Multicomponent Fokas-Lenells equations on Hermitian symmetric spaces

TL;DR

This paper develops multi-component integrable Fokas-Lenells equations on Hermitian symmetric spaces, detailing their structures, reductions, and examples across classical types, advancing the understanding of their integrability and nonlocal models.

Contribution

It introduces new multi-component Fokas-Lenells equations on Hermitian symmetric spaces, including their Lax pairs, bi-Hamiltonian structures, and reductions, expanding the class of integrable models.

Findings

Formulated multi-component Fokas-Lenells equations for various symmetric spaces

Provided Lax and bi-Hamiltonian structures for these equations

Explored reductions leading to nonlocal integrable models

Abstract

Multi-component integrable generalizations of the Fokas-Lenells equation, associated with each irreducible Hermitian symmetric space are formulated.

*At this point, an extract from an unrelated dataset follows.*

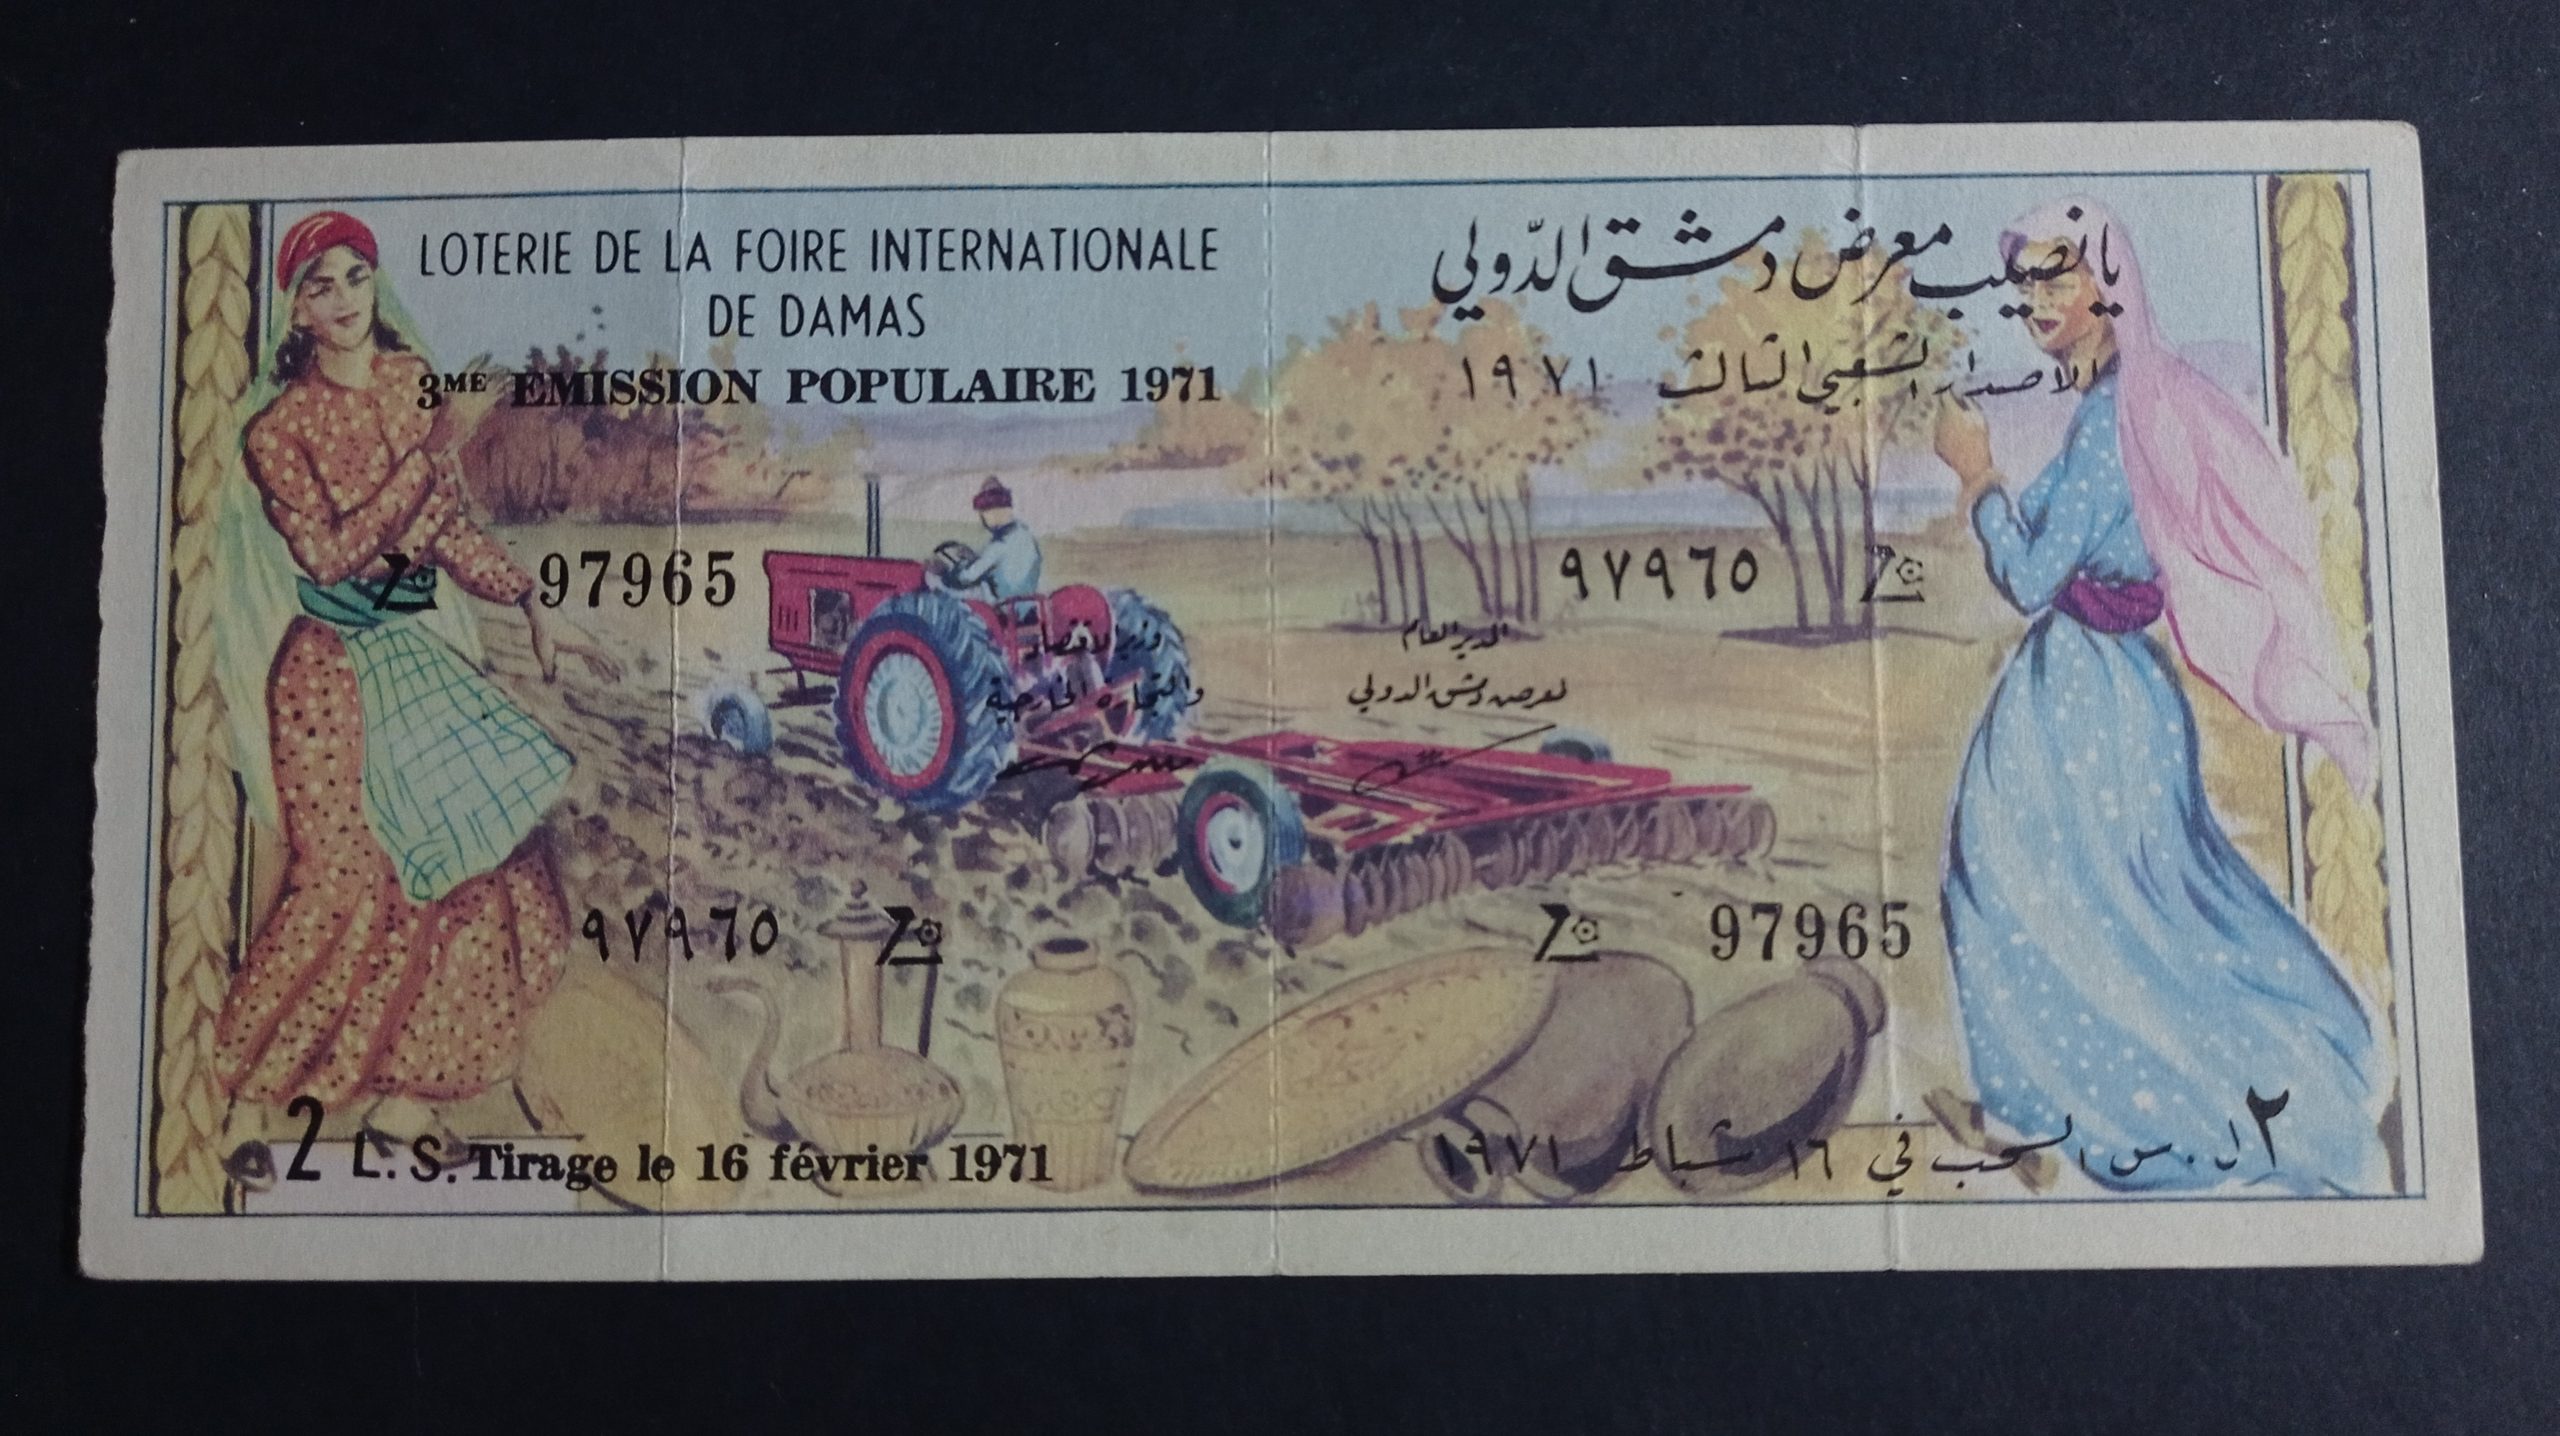 التاريخ السوري المعاصر - يانصيب معرض دمشق الدولي - الإصدار الشعبي الثالث عام 1971

Description of the underlying structures associated to the integrability, such as the Lax representation and the bi-Hamiltonian formulation of the equations is provided. Two reductions are considered as well, one of which leads to a nonlocal integrable model. Examples with Hermitian symmetric spaces of all classical series of types A.III, BD.I, C.I and D.III are presented in details, as well as possibilities for further reductions in a general form.